Data excerpt |
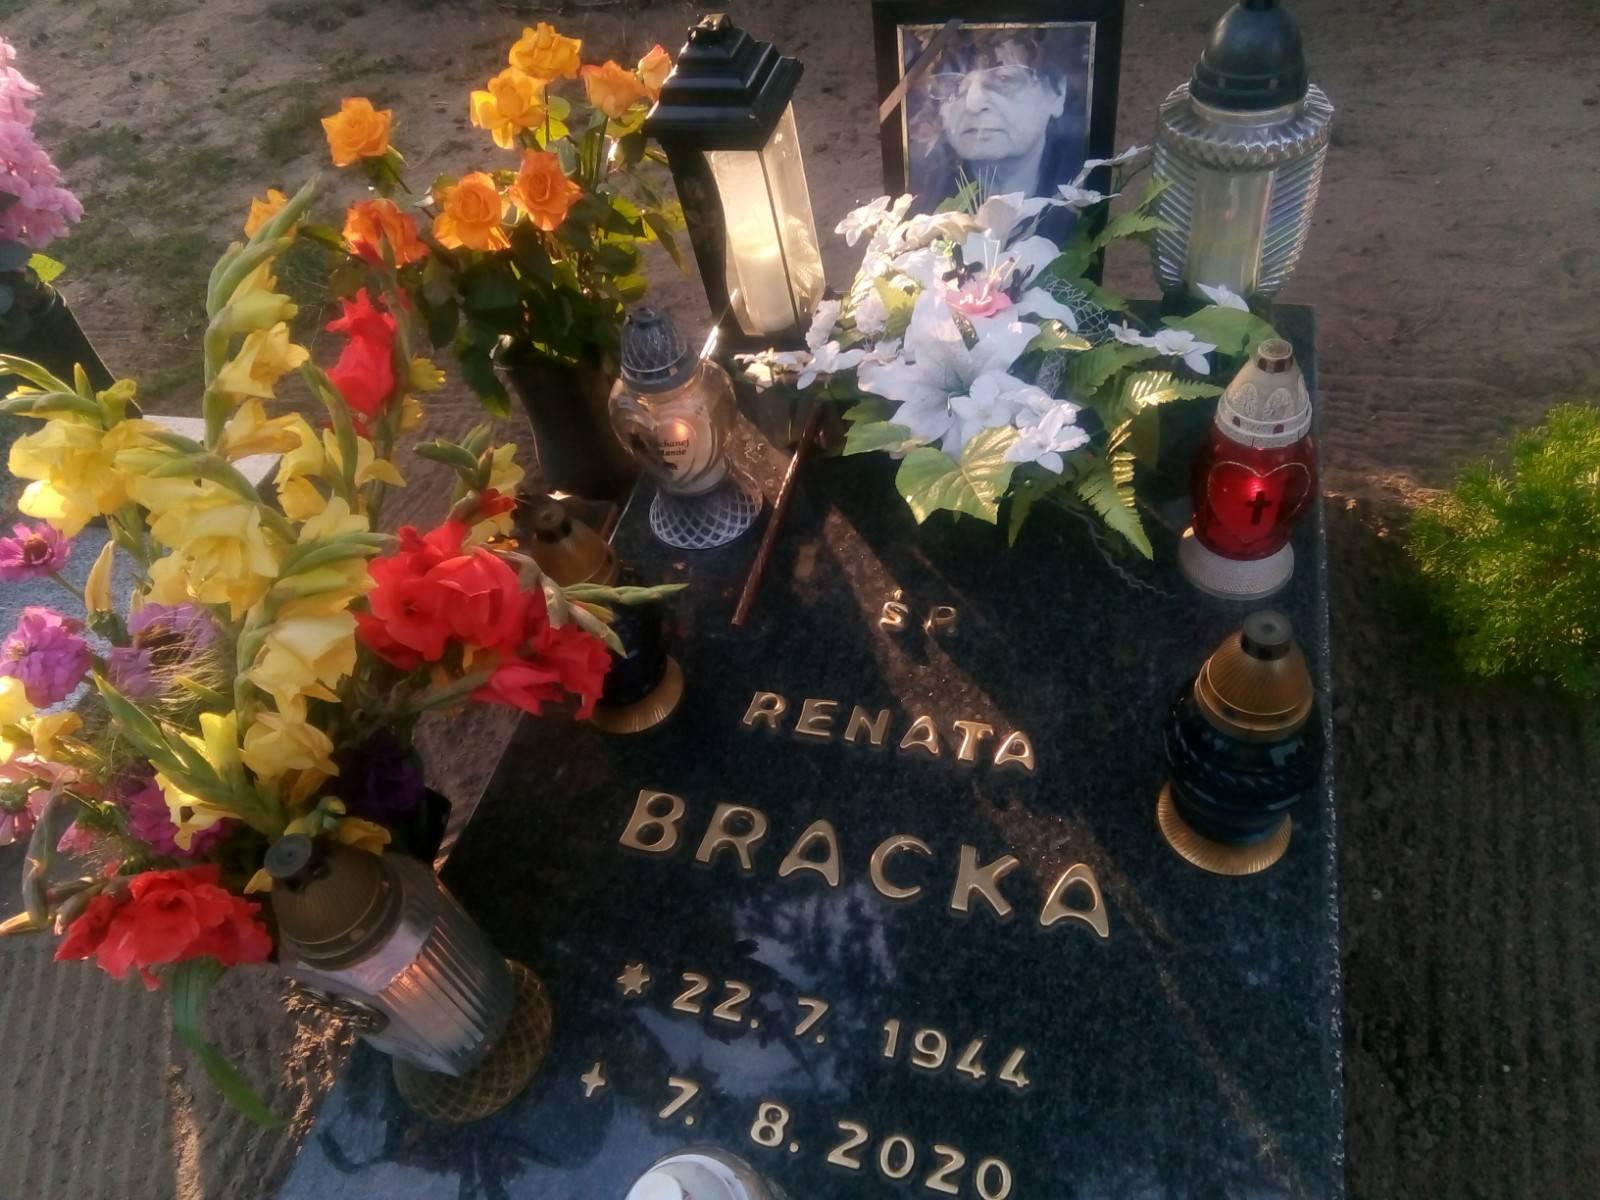 Dziś 11 sierpnia mija pierwsza rocznica pogrzebu mojej ukochanej Mamy ś.p. Renaty BRACKA, która spoczęła na cmentarzu komunalnym w Więcborku 11 sierpnia 2020 r.
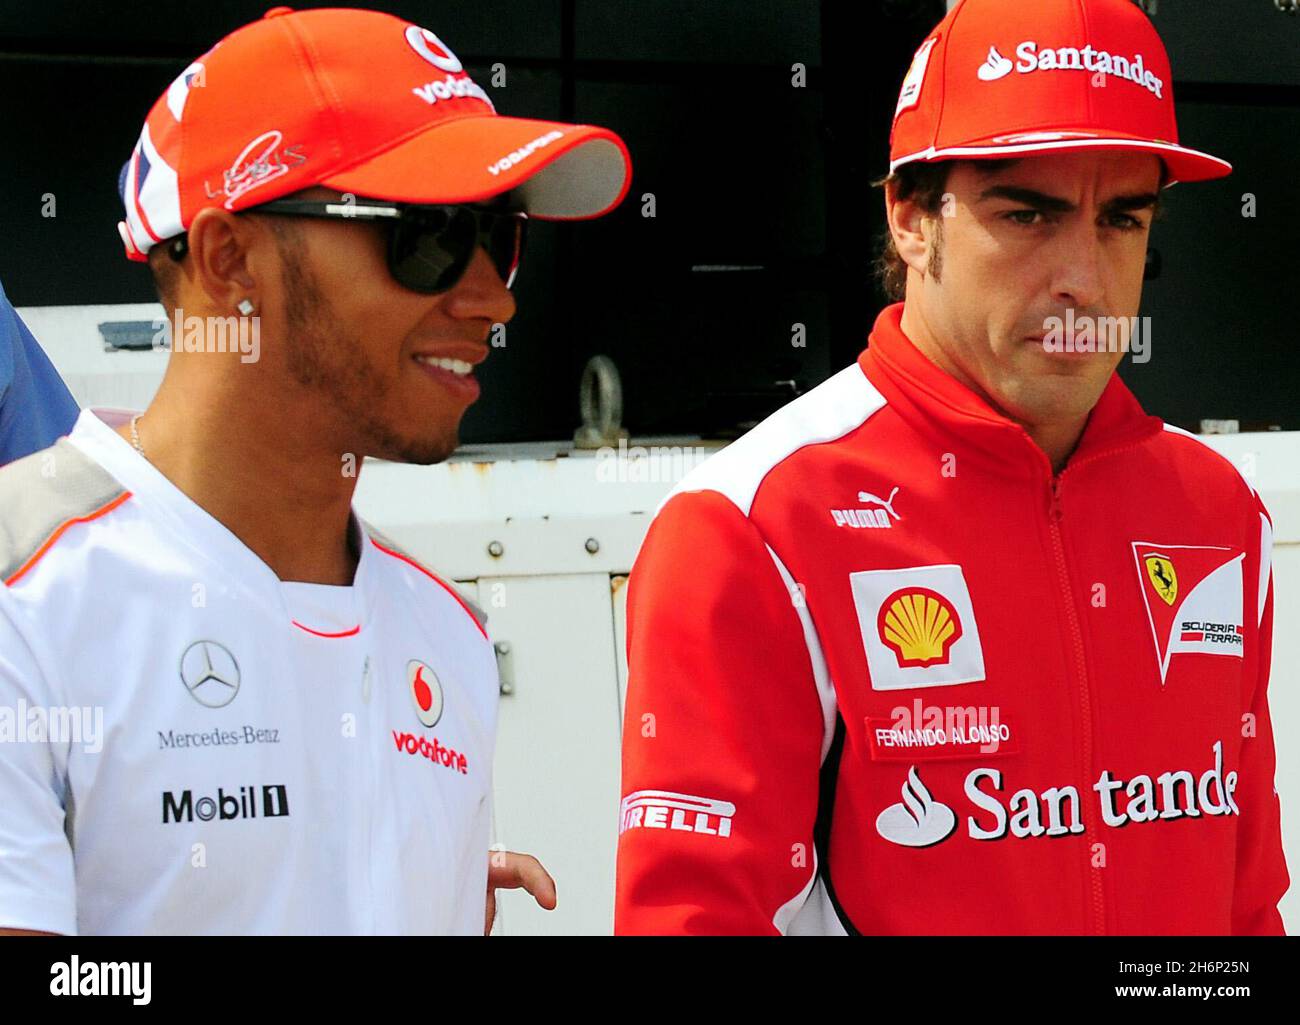 Foto del archivo fechada 05-07-2012 de Lewis Hamilton (izquierda) y Fernando Alonso, que dice que su relación es más fría que antes - reclamando el estilo de vida siete veces campeón del mundo lo separa del resto de la cuadrícula de Fórmula Uno. Fecha de emisión: Miércoles 17 de noviembre de 2021. Foto de stock
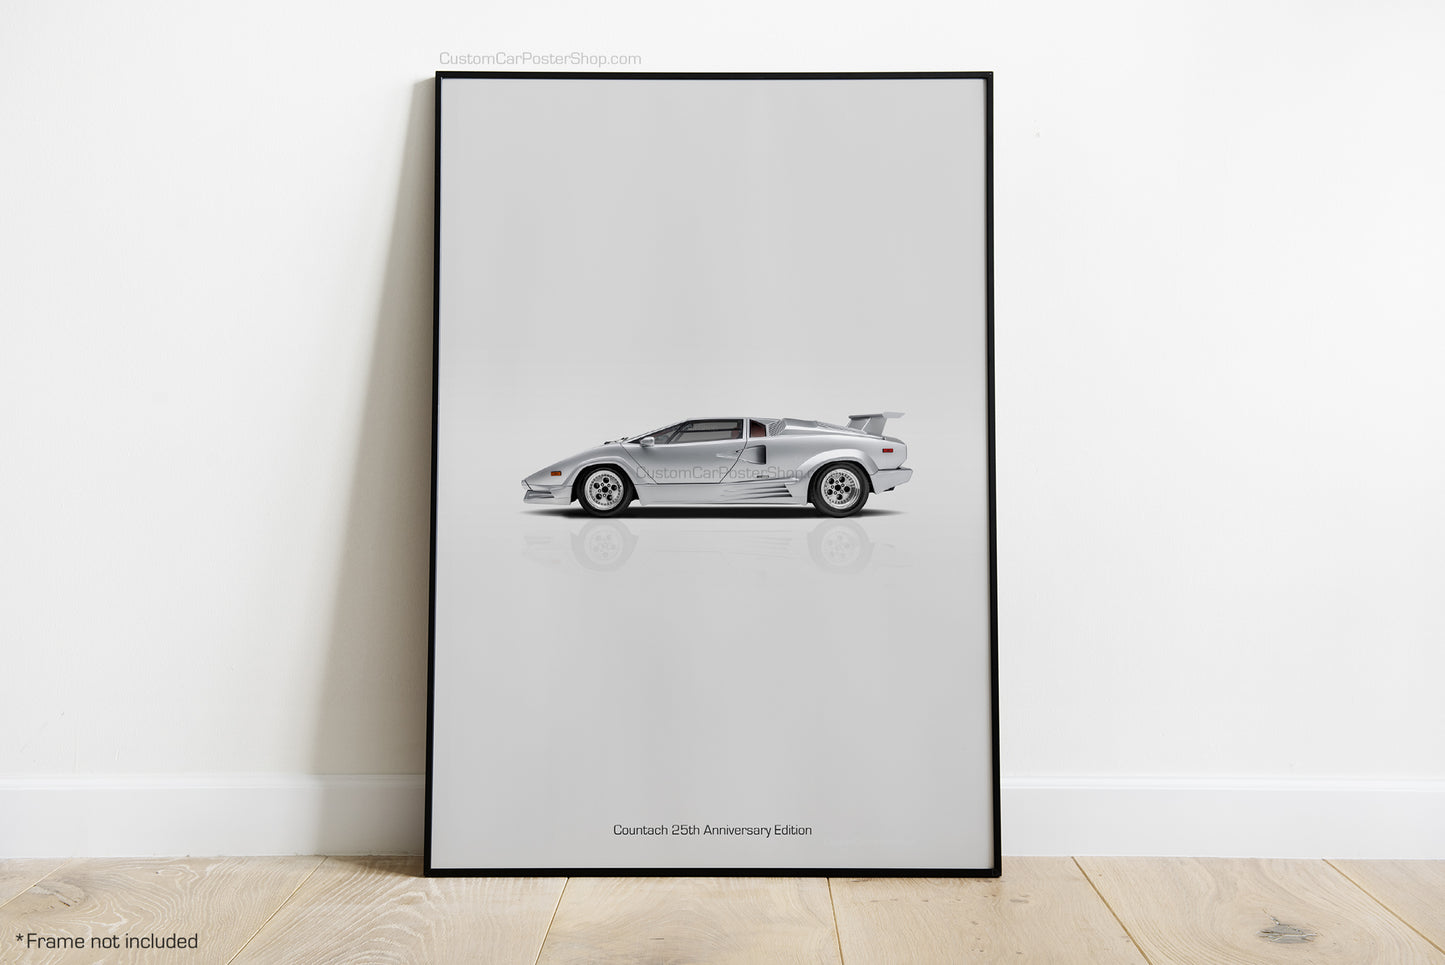 Lamborghini Countach 25th Anniversary Edition Poster - Minimalistic Wall Art

Work task | Copy the listing exactly, omitting pictures.

Exercise result |
 Dziś 11 sierpnia mija pierwsza rocznica pogrzebu mojej ukochanej Mamy ś.p. Renaty BRACKA, która spoczęła na cmentarzu komunalnym w Więcborku 11 sierpnia 2020 r.
 Foto del archivo fechada 05-07-2012 de Lewis Hamilton (izquierda) y Fernando Alonso, que dice que su relación es más fría que antes - reclamando el estilo de vida siete veces campeón del mundo lo separa del resto de la cuadrícula de Fórmula Uno. Fecha de emisión: Miércoles 17 de noviembre de 2021. Foto de stock
 Lamborghini Countach 25th Anniversary Edition Poster - Minimalistic Wall Art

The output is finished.